We must first decide whether Avila’s prior Oklahoma conviction for second-degree burglary constitutes a crime of violence pursuant to § 2L 1.2(b)(1) (A) (ii). Section 2L1.2(b)(1)(A)(ii) provides for a sixteen-level enhancement of a defendant’s base offense level if he was previously *495 deported or unlawfully remained in the United States after “a conviction for a felony that is a crime of violence.” § 2L1.2(b)(1)(A)(ii). The commentary to § 2L1.2 defines “crime of violence” to include: (1) certain enumerated offenses, including “burglary of a dwelling,” or (2) offenses that have “as an element the use, attempted use, or threatened use of physical force against the person of another.” § 2L1.2, cmt. n. 1(B)(iii). At issue here is whether the offense of second-degree burglary described in Okla.
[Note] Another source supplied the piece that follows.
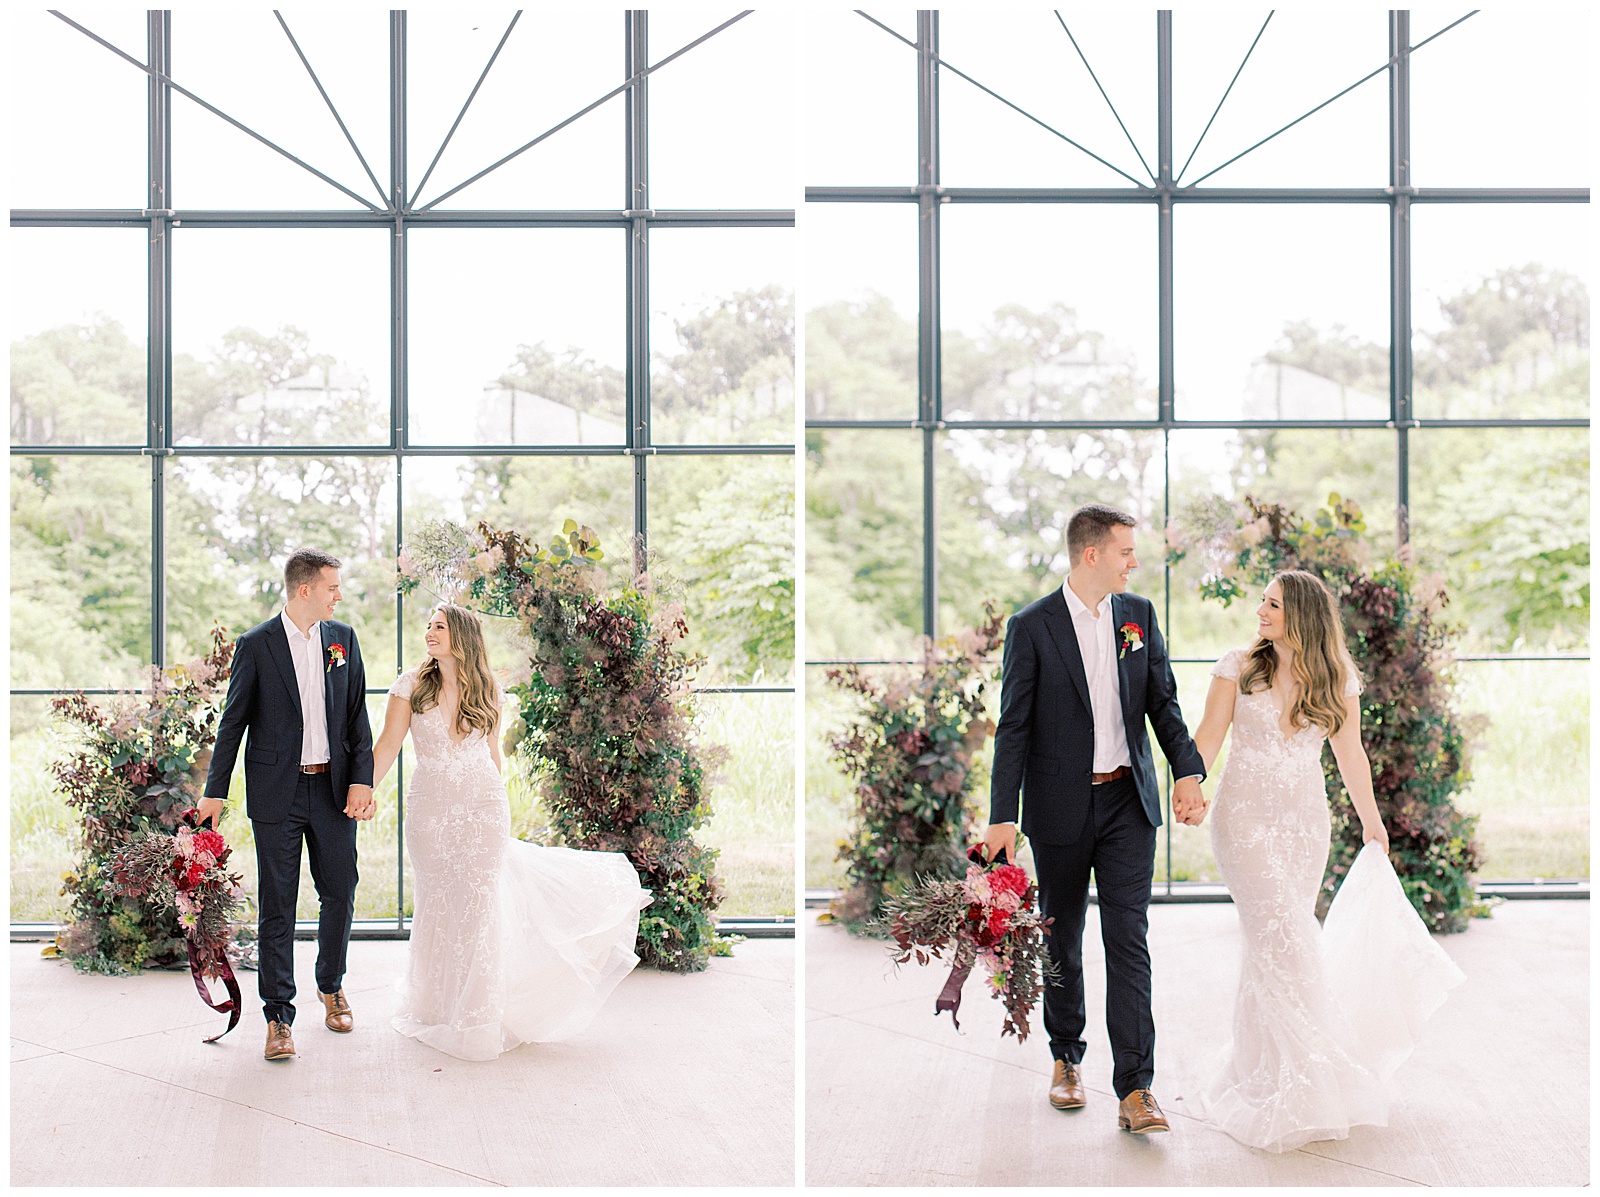 Bride and groom recessional at A-Vent Space floral altar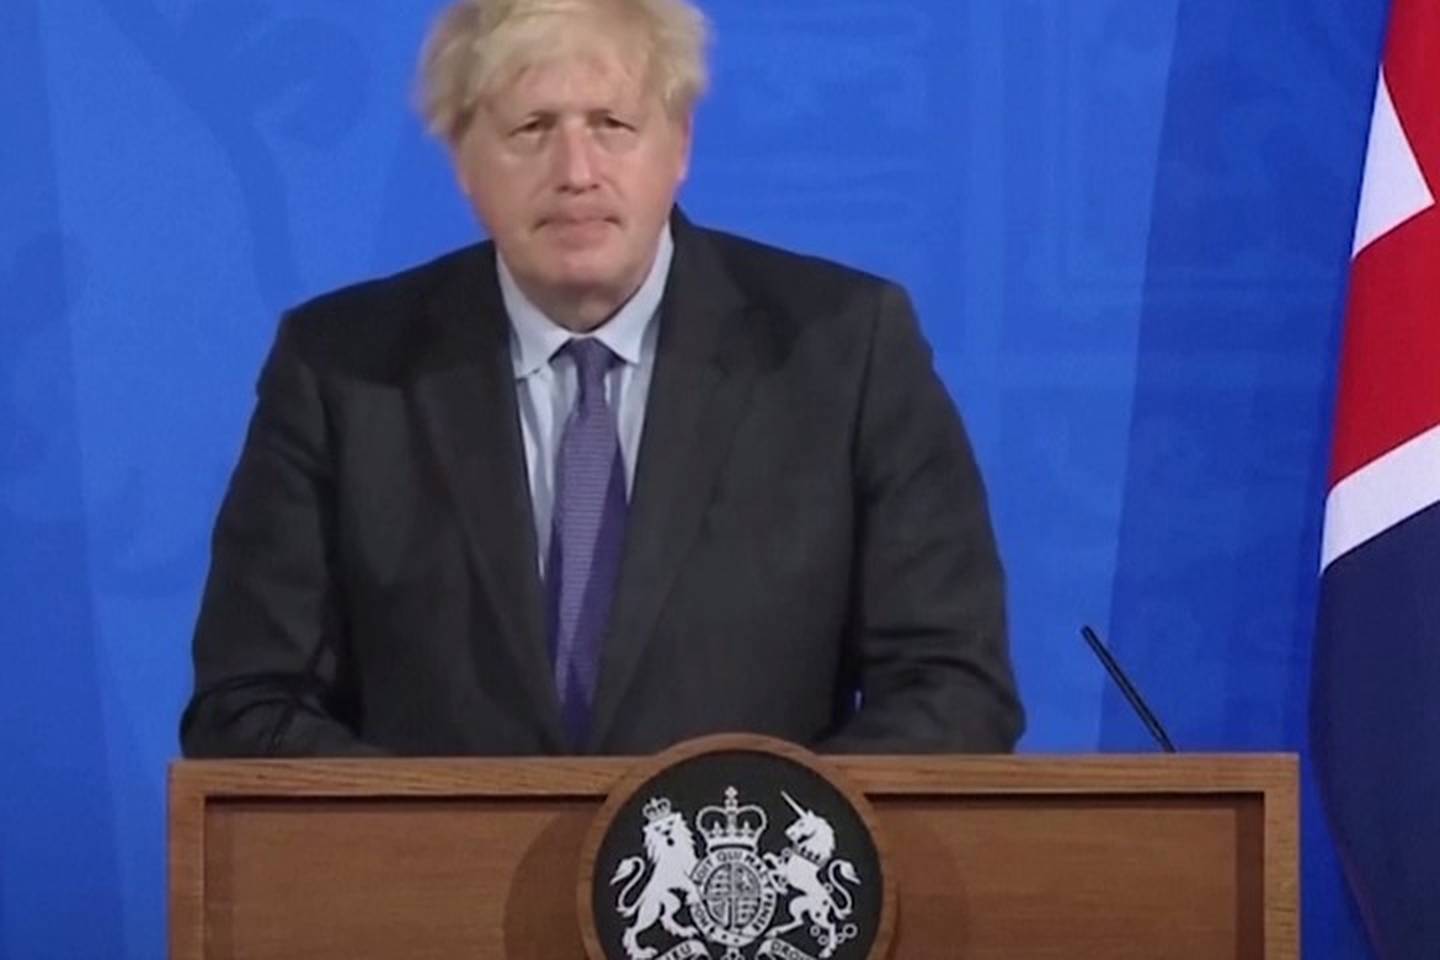 UK prime minister confirms Covid-19 lockdown easing in England delayed to July 19

Stat. tit. 21, § 1485 qualifies as a “burglary of a dwelling” under § 2L1.2.

To determine whether a specific offense constitutes one of the enumerated offenses under § 2L1.2, “this court employs ‘a common sense approach’ based on the ‘generic, contemporary meaning’ of the terms used in the Guidelines.” United States v. Hernandez-Galvan, 632 F.3d 192, 196 (5th Cir.2011) (quoting United States v. Moreno-Florean, 542 F.3d 445, 449 (5th Cir. 2008)). Under this common-sense approach, burglary is the “unlawful or unprivileged entry into, or remaining in, a building or other structure, with the intent to commit a crime.” United States v. Ortega-Gonzaga, 490 F.3d 393, 394-95 (5th Cir.2007). A “dwelling” for the purposes of § 2L1.2 is defined as “any structure, including a tent or vessel, that is used for human habitation.” United States v. Castillo-Morales, 507 F.3d 873, 875 (5th Cir. 2007).

Next, we compare these common-sense definitions with the language of the statute under which Avila was convicted. United States v. Fierro-Reyna, 466 F.3d 324, 327 (5th Cir.2006). This analysis is grounded in the statute of conviction rather than the defendant’s specific conduct. See United States v. Munoz-Ortenza, 563 F.3d 112, 114 (5th Cir.2009). With respect to second-degree burglary, Oklahoma law provides:

Every person who breaks and enters any building or any part of any building, room, booth, tent, railroad car, automobile, truck, trailer, vessel or other structure or erection, in which any property is kept, or breaks into or forcibly opens, any coin-operated or vending machine or device with intent to steal any property therein or to commit any felony, is guilty of burglary in the second degree.

Okla. Stat. tit. 21, § 1435. Because some of the structures listed in the Oklahoma statute are not used for human habitation, the statute alone does not render Avila’s burglary conviction a “crime of violence” under § 2L1.2. See United States v. Gomez-Guerra, 485 F.3d 301, 304 (5th Cir. 2007) (holding that a defendant’s prior conviction for burglary under Florida law was not a “crime of violence” under § 2L1.2 because the language of the Florida statute included curtilage around a structure, which “is not the dwelling itself’).

This analysis, however, does not end our inquiry. When a statute of conviction is overly broad and contains a series of disjunctive elements, “we may also examine certain adjudicative records to determine whether the prior conviction qualifies as an enumerated offense.” United States v. Murillo-Lopez, 444 F.3d 337, 339-40 (5th Cir.2006). The specific records that we may consider under this modified-categorical approach are generally limited to the “charging document, written plea agreement, transcript of the plea colloquy, and any explicit factual findings by the trial judge to which the defendant assented.” United States v. Najera-Mendoza, 683 F.3d 627, 629 (5th Cir.2012) (internal citation and quotation marks omitted).